But the reality reflects otherwise: Meta’s Reality Labs department continues to incur expenses rather than generate revenue. The department only created $440 million worth of sales in the first quarter, while its losses hit $3.85 billion, and its total cumulative losses since 2020 reached $45 billion.

“I think it’s worth calling that out—that we’ve historically seen a lot of volatility in our stock during this phase of our product playbook where we’re investing in scaling a new product but aren’t yet monetizing it,” Zuckerberg said. 

With this shift in focus, the billionaire CEO emphasized that “there are several ways to build a massive business here, including scaling business messaging and introducing ads or paid content into AI interactions.”

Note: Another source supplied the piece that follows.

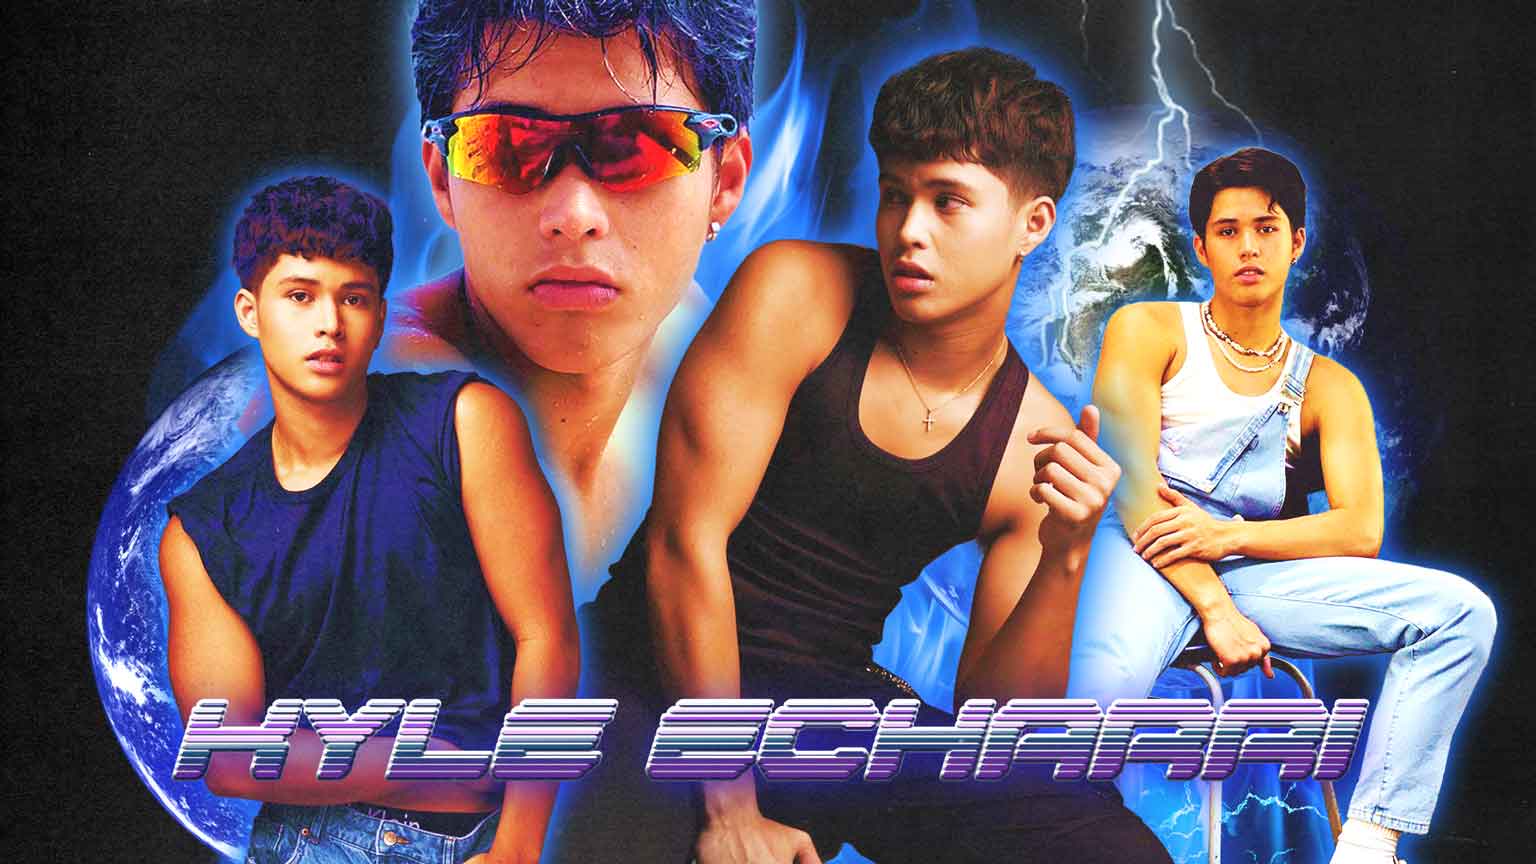 Kyle Echarri Is Ready To Show A New Side Of Himself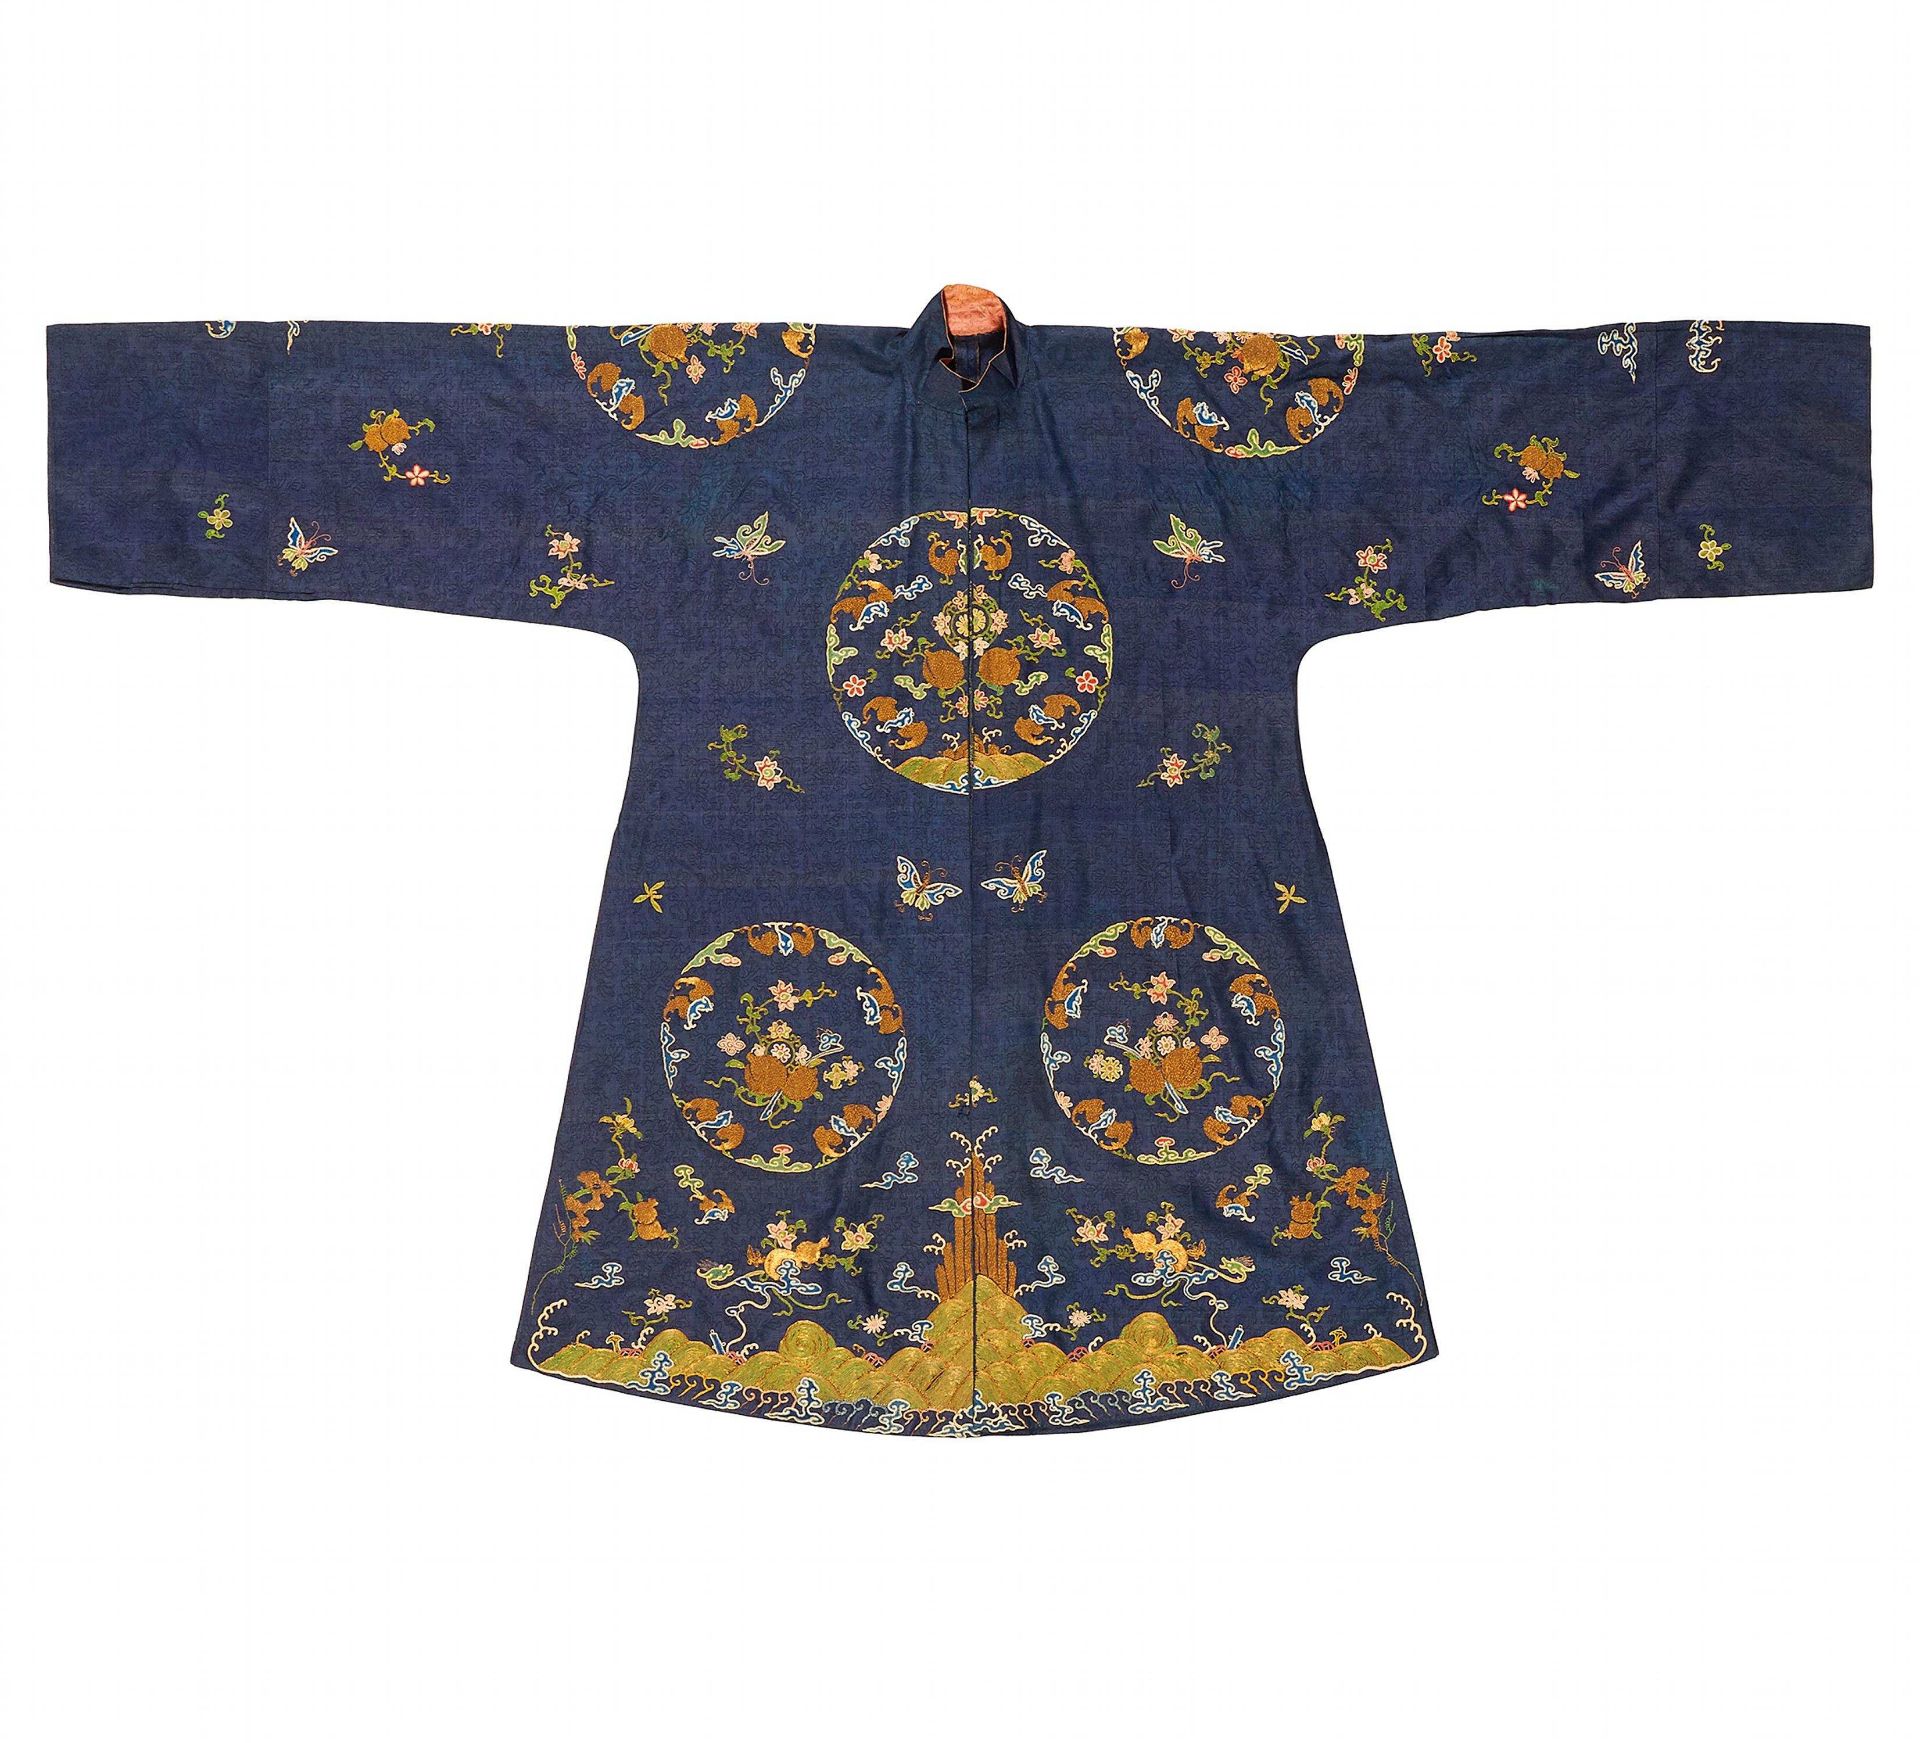 QUASI-FORMAL SUMMER GARMENT. China. About 1900. Navy blue gauze in twisted warps. Embroidered with

Meta’s finance chief, Susan Li, echoed Zuckerberg’s statement and believes that before it can generate profit, Meta has to develop advanced models and scale products.

“While there is tremendous long-term potential, we’re just much earlier on the return curve,” Li pointed out.

Meanwhile, Zuckerberg appealed to investors and told them that they would well be rewarded if they took the risk.

“Historically, investing to build these new scaled experiences in our apps has been a very good long-term investment for us and for investors who stuck with us, and the initial signs are quite positive here too,” Zuckerberg said. 

“But building a leading AI will also be a larger undertaking than the other experiences we’ve added to our apps, and this is likely going to take several years.”